Sunday, June 30, 2019 ... Deutsch/Español/Related posts from blogosphere

Higgs mass from entropy maximization?

As you know, the Higgs boson is the most recently discovered fundamental particle (next Thursday, it will be 7 years from the discovery) and its mass seems to be \(m_H=125.14\pm 0.24\GeV\) or so. In various models, supersymmetric or scale-invariant or otherwise, there exist partial hints why the mass could be what it is and what this magnitude qualitatively means.

Reader T.G. had to be blacklisted because he was too vigorous and repetitive in defending the highly provoking 2014 Brazilian paper

Maximum Entropy Principle and the Higgs Boson Mass (by Alves+Dias+DaSilva, about 12 citations now)
which claims to calculate the almost identical value \(125.04\pm 0.25\GeV\) using a new assumption, entropy maximization. What are they doing?



Look at this chart which they omitted, for unknown reasons, so this blog post is more comprehensible than the paper.

The horizontal axis is the Higgs boson mass \(m_H\) and the vertical axis shows the branching ratios of Higgs decays – the probability that the Higgs decays to some final products or others. You may see that near the observed value \(m_H \sim 125\GeV\), there are relatively many decays that are relatively close to each other. None of them is dominant and beating all others etc.



OK, the Brazilian folks simply postulated an obvious idea that you could have – what if Nature tries to maximize the diversity? OK, so they took the branching ratio as a function of the variable Higgs mass from some software on the market and maximized the Shannon entropy\[

S = -\sum_{i=1}^m b_i (m_H)\ln b_i (m_H)

\] where \(b_i\) are the branching ratios i.e. the probabilities of qualitatively different decays.



What are the decays in the Standard Model? They are
  • \(\gamma\gamma\), \(W^\pm W^{\mp *}\), \(ZZ^*\), \(\gamma Z\)
  • \(e^+e^-\), \(\mu^+\mu^-\), \(\tau^+\tau^-\)
  • \(6\times q\bar q\)
  • \(g\bar g\)
The asterisk indicates that one of the particles is virtual – which is the case if the real particles in the final state would be too heavy.

OK, it's the three "particle-antiparticle" pairs of electroweak gauge bosons, the fourth similar but asymmetric decay is \(Z\gamma\), then there is the gluino pair, six quark pairs, and three charged lepton pairs. Now, the top quark is too heavy, heavier than the Higgs boson, so in the range of possible Higgs masses below the top quark mass, both tops would have to be virtual and the top-antitop Higgs decay is very unlikely.

That means that instead of fourteen, they just consider \(m=13\) decays, calculate the entropy as a function of the Higgs mass, and claim that \(125\GeV\) is the value that maximizes the entropy – or the diversity, if you wish. Cute. The arguments in favor of this discovery are obvious:
The latter tells you that if you know a probability distribution imperfectly, you should choose the distribution that maximizes the Shannon entropy \(-\sum_i p_i \ln p_i\). It's surely a special distribution in any restricted subclass, there is something canonical about it. However, the precise explanation "in what sense the Shannon-maximizing" distribution is "the best" is subtle and people may easily overstate its importance or unavoidability. In particular, I would say that if you obtain some probability distributions by proper Bayesian inference, you shouldn't replace it with a different one just because this different one maximizes the Shannon entropy. Instead, the prescription is only valid if you know the proability distribution "incompletely". But an incomplete distribution with "holes" etc. is something that you can't really get from measurements of the system if those are complete enough.

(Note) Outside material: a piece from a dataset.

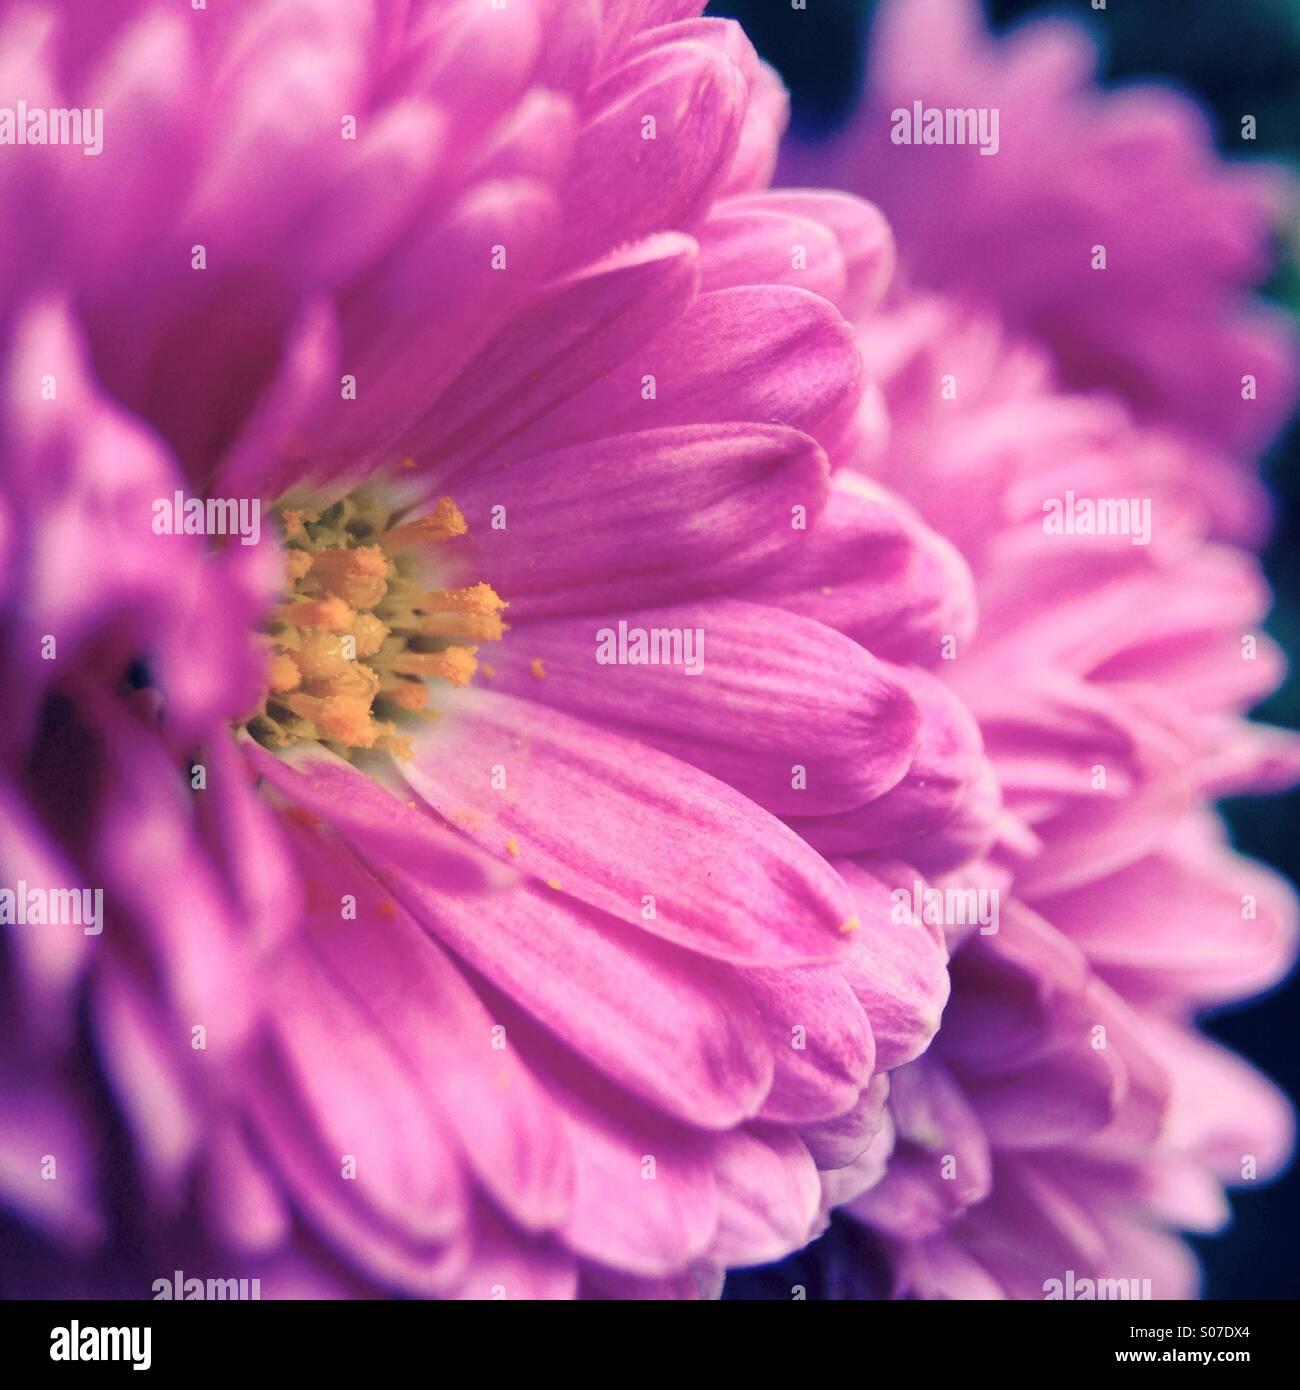 Chrysanthemums close up - Stock Image

Nevertheless, the maximum entropy distribution principle does recommend you to choose the "maximally ignorant", egalitarian-divided probabilities for the degrees of freedom that are unknown and whose uncertainty is unknown. OK, they maximize the function of the Higgs mass and claim that \(125\GeV\) is the sweetest spot.

You may get overly excited by the positive arguments and neglect the doubts – suppress your skepticism. I think that in that case, you must be considered a numerologist. Like a broken clock, a numerologist may be right twice a day, of course. But the reasons to dismiss the result are really more powerful and fall into three categories:
  • errors and unnatural choices in the calculation even if you accept the fundamental premises
  • the apparent inability to calculate anything beyond the single number, the Higgs mass, using this apparently ambitious principle
  • the acausal character of the implicitly suggested "mechanism" which indicates that it should be impossible for such a maximization rule to operate in Nature
Concerning the first class of the complaints, I think it must be wrong that they consider just the 13-14 channels and the corresponding 13-14 terms in their entropy. Why? Because locally, the color of the quarks and gluons should be considered distinguishable.

They were not calculating any "well-established kind of entropy in the context" or the "real entropy of any parficular physical system". They just took the Shannon entropy formula and substituted some numbers that look "marginally sensible" to be substituted. Because there's no meaningful underlying theory, I can't prove what is "right" and "wrong". Their formula is really their axiom, so it's "right" in their axiomatic system.

But I find it extremely unnatural that there is no coefficient of \(3\) in front of their terms for the quark channels; and the corresponding factor of \(8\) for the gluon channel. For example, the gluon branching ratio should really be divided to 8 equal pieces \(b_{gg}/8\) and their logarithms additively differ by \(-\ln 8\). These extra terms \(\ln 8\) multiplying the gluon terms in their equation would modify the function \(S(m_H)\) and the maximization procedure.

Concerning the second class of the complaints, their entropy maximization principle seems really cool. It is numerologically claimed to work for the Higgs boson. But if such a principle worked, wouldn't it be strange that it only works for the Higgs boson mass? The Higgs boson mass is just one parameter of the Standard Model. Shouldn't it work for the quark and lepton masses – or their Yukawa couplings – as well? Or the masses of the electroweak gauge bosons and/or the gauge couplings? Even if the principle only determined one parameter, shouldn't it be a more generic function of the Higgs mass and other parameters rather than the Higgs mass itself? Why the precise Higgs mass, a particular coordinate on the parameter space? And shouldn't such a principle ultimately determine even the constants that don't seem to be associated with decays such as the cosmological constant?

You know, the claim – pretty much a claim that they try to hide – that such a procedure only determines the Higgs mass seems like a classic sign of a numerological fallacy. Numerologists love to take some number, completely take it out of the context, and produce some "calculation" of this number. They ignore that if some deep principle determines this number, the same principle should really determine many other numbers. The numerological derivations of a number have usually nothing to do with the "context", what the mathematical constant is actually supposed to represent. By definition, numerologists are too focused on patterns in numbers and largely ignore what the numbers are supposed to mean.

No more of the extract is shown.